» PROMPT
Leave out the pictures and output the data verbatim.

» DATA PROVIDED
====

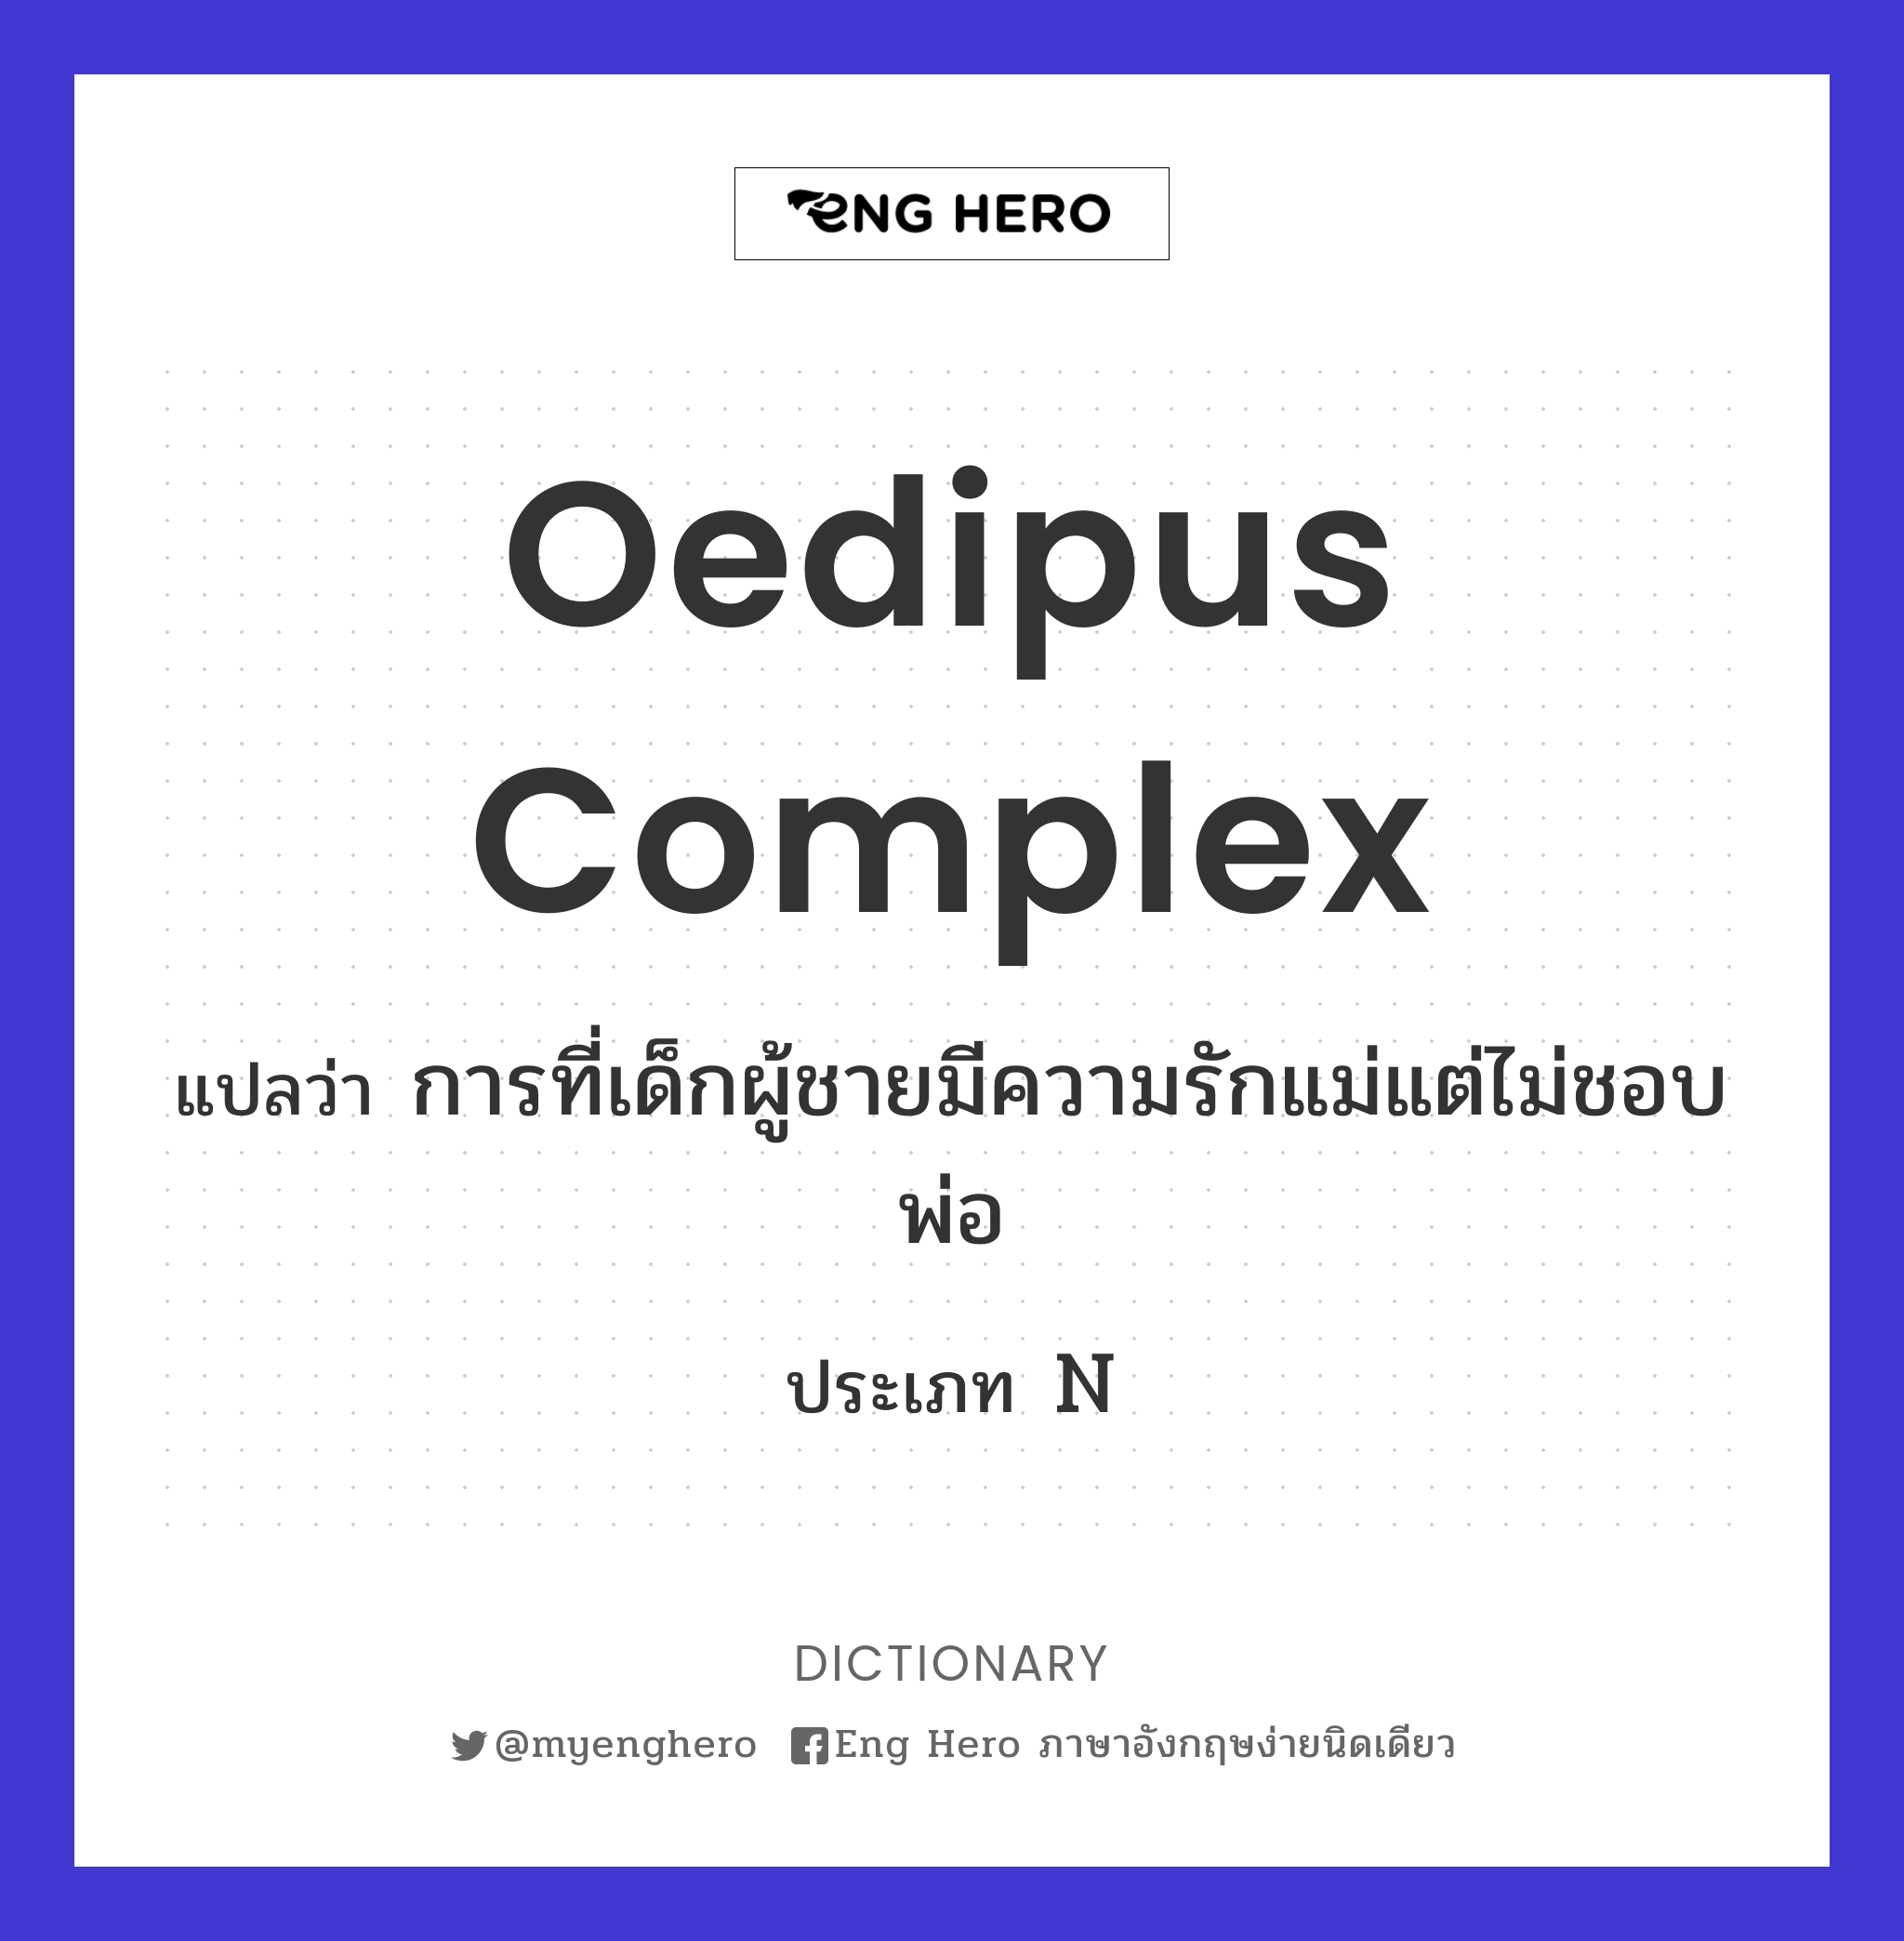 Oedipus complex
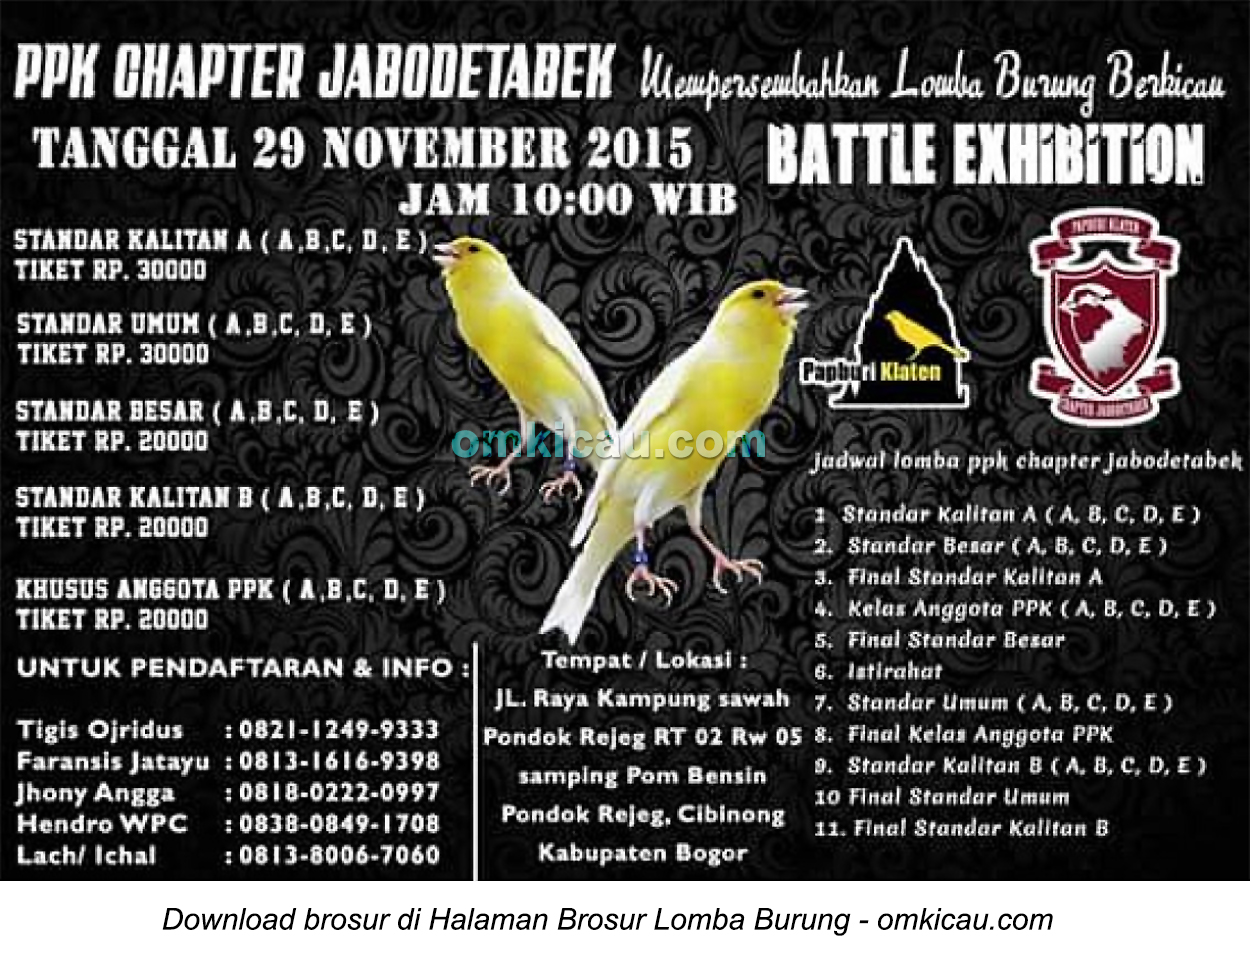 Brosur Lomba Burung Berkicau PPK Chapter Jabodetabek, Bogor, 29 November 2015
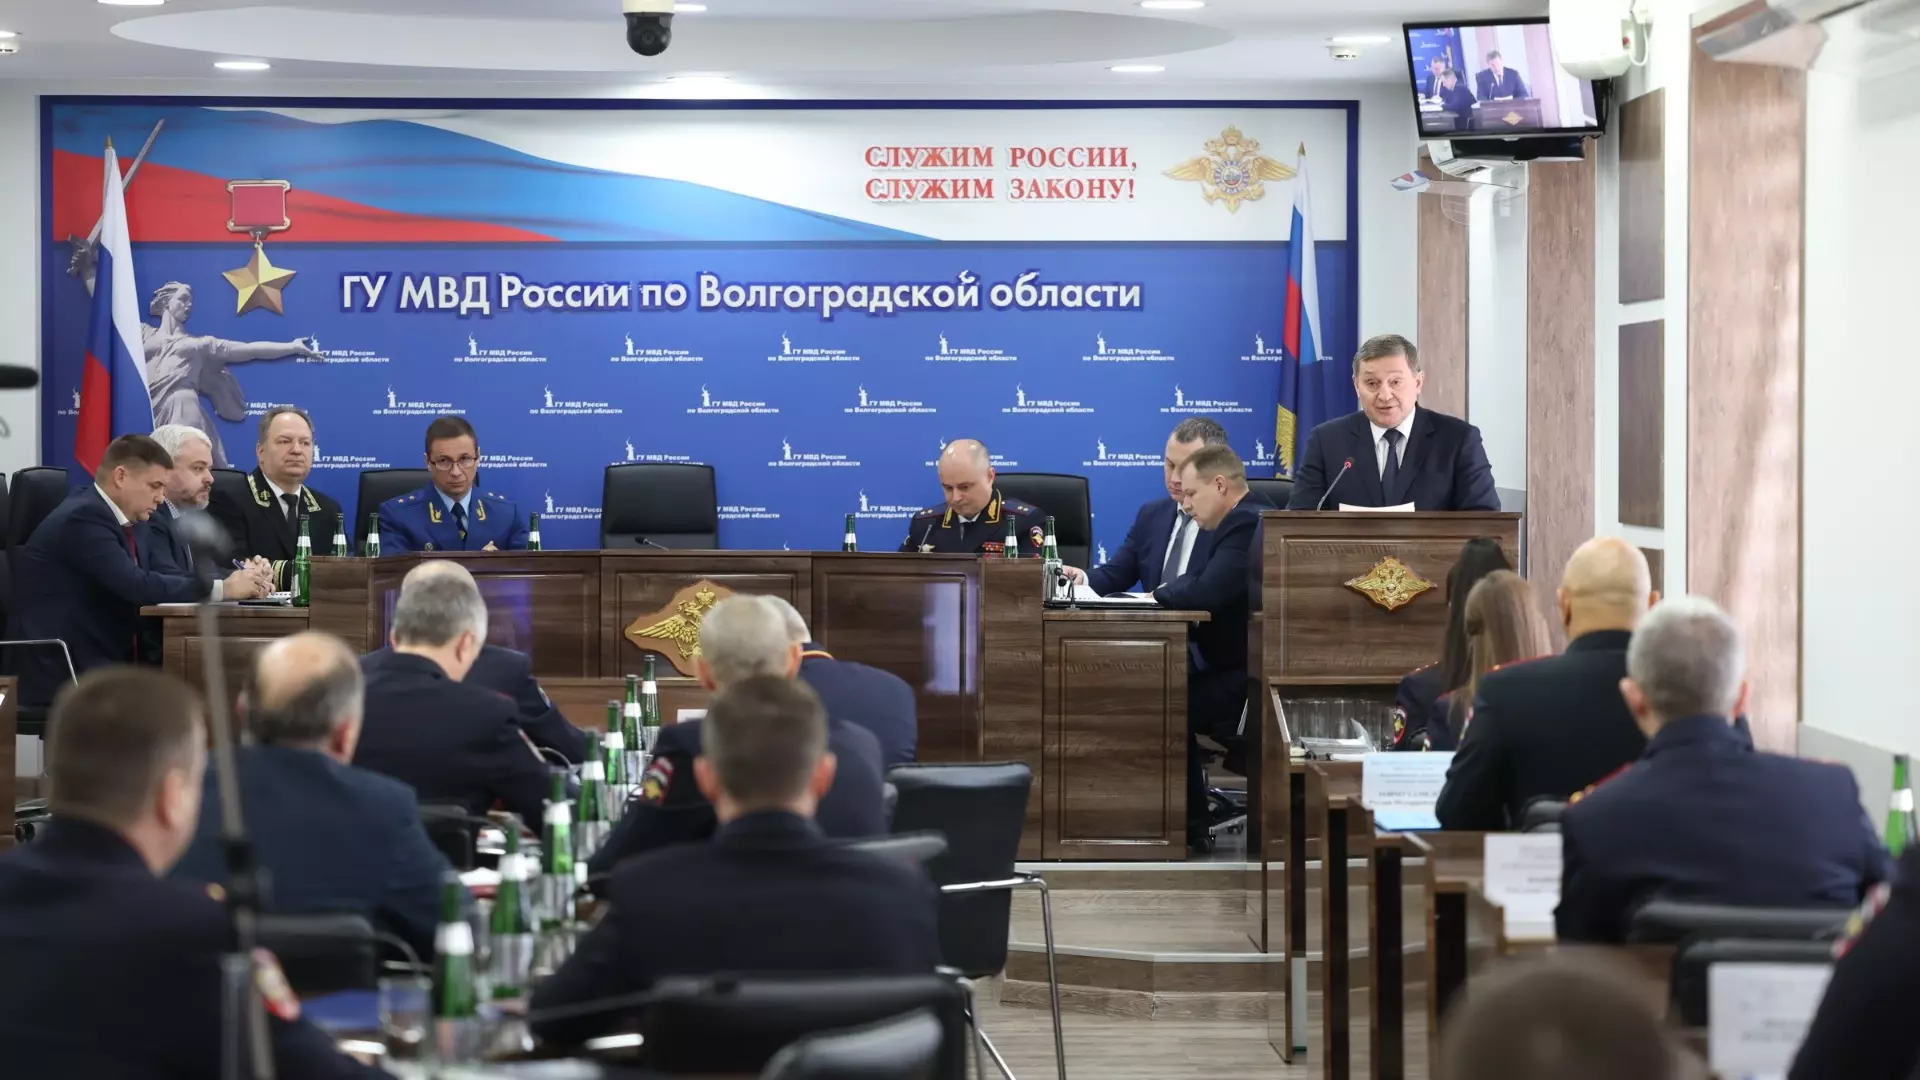 Губернатор Андрей Бочаров вместе с руководством областного управления МВД обсудили работу силового блока

====

» RESULT
 Oedipus complex
 Brosur Lomba Burung Berkicau PPK Chapter Jabodetabek, Bogor, 29 November 2015
 Губернатор Андрей Бочаров вместе с руководством областного управления МВД обсудили работу силового блока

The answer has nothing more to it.